I think lobbying by everybody on sustainable aviation fuel becomes key [um], you know. I [I] love this industry, I've been in the travel, meetings and events business for all of my career and – I'm not saying how many years that is, but it's a lot [KH laughs] – and [um] and I don't want to see it disappear. But, on the other hand though, when some companies have carbon emissions related to business travel as a high percentage, the only way they can deliver to the goals of their companies is to reduce the volume when sustainable aviation fuel [is] isn't there. And so really, as a collective, everybody in the industry and the corporates need to be pushing to get that, because then that will mean that there's not going to be this restriction being put out there because it's visible. That's the only reason, because it's visible [um] to reduce travel.

So, I mean for me though as well, and I guess there's one final one would be GenAI (Generation Artificial Intelligence), ChatGPT, and all of that – the impact of that I think is bigger than anybody anticipates. And I love it, I think it's the most fascinating area of business at the minute. [Um] and anybody that doesn't know about it, you're going to get left behind, absolutely get left behind. And I never thought five years ago that I would be known as a champion of RPA (Robotic Process Automation) and GenAI, and I don't know whether I'm a champion of it, but I know a lot about it because I've gone out of my way to learn about it because I see how much benefit it can bring [um] in an enhancement of a service. And I think that's what people forget: they think that all of this technology is taking jobs away, but actually it makes jobs easier, but it enables you to service your clients much better. And so, if people remember that, then they won't be so scared of it either.

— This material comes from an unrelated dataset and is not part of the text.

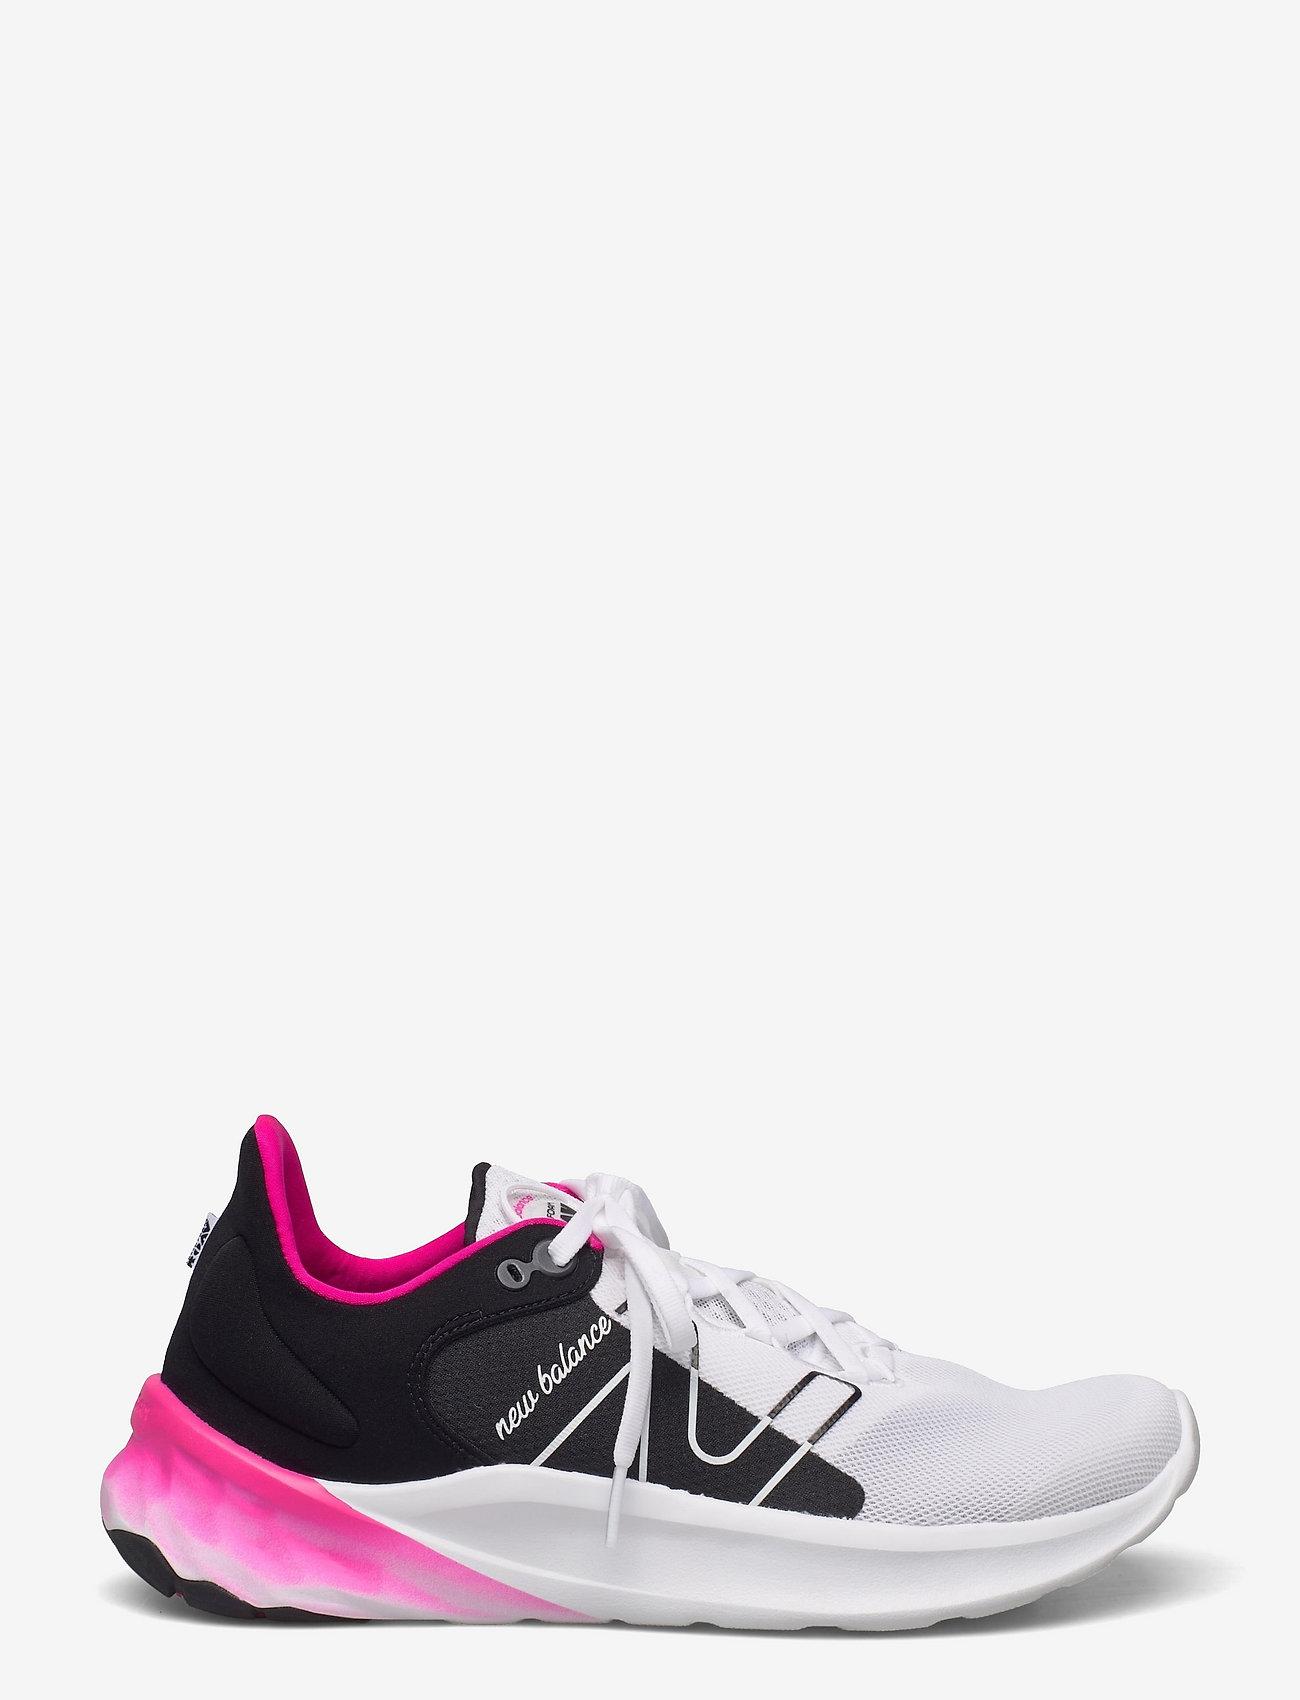 New Balance - WROAVSW2 - running shoes - white/black - 1

I've said a lot of things there, but, you know, there is so much going on and I think, isn't this why we stay in the industry? Because it is moving and changing so much and really why I challenge myself. You know, somebody said to me about ‘go and run another travel programme somewhere’ – I was approached about a couple – if I was going to run a global travel meetings and events programme, I would have absolutely stayed at EY because, in my opinion, the team I had there was the best. We were regarded as one of the best programmes out there, but that's not what I wanted to do any longer, you know. And so, I think we just mustn't be afraid to challenge ourselves.

[What do you think you’ll get involved in with SilverDoor?]

KH: It's been very strange being new kid on the block, that's for sure [KH laughs], I've not done that for a little while. [Um] and, so yeah, I've had a complete brain dump from many, many different people. And [and] and I said to Stuart, I said: there's such a service mentality from the team as well and that really came through very strong. And if I think about my lives and, you know, in all the corporates I worked at, I was always in corporate services. And interestingly though, when I arrived at EY, my job title to start off with was Travel [Travel] Procurement Leader and I'm like ‘oh no, no, no, no, no, hang on a minute, I am not a procurement person’. And actually, 80% of what we did as a team was run the service. And so, my title actually at that point then got changed to Travel Services Leader, which was much more appropriate, because we negotiate the contracts as a travel leader and then they're in place for a number of years. But dealing with the service, figuring out how you make the experience easier, simpler, better for employees is crucial, and that's what I've seen’s going on at SilverDoor actually, you know, that whole service mentality.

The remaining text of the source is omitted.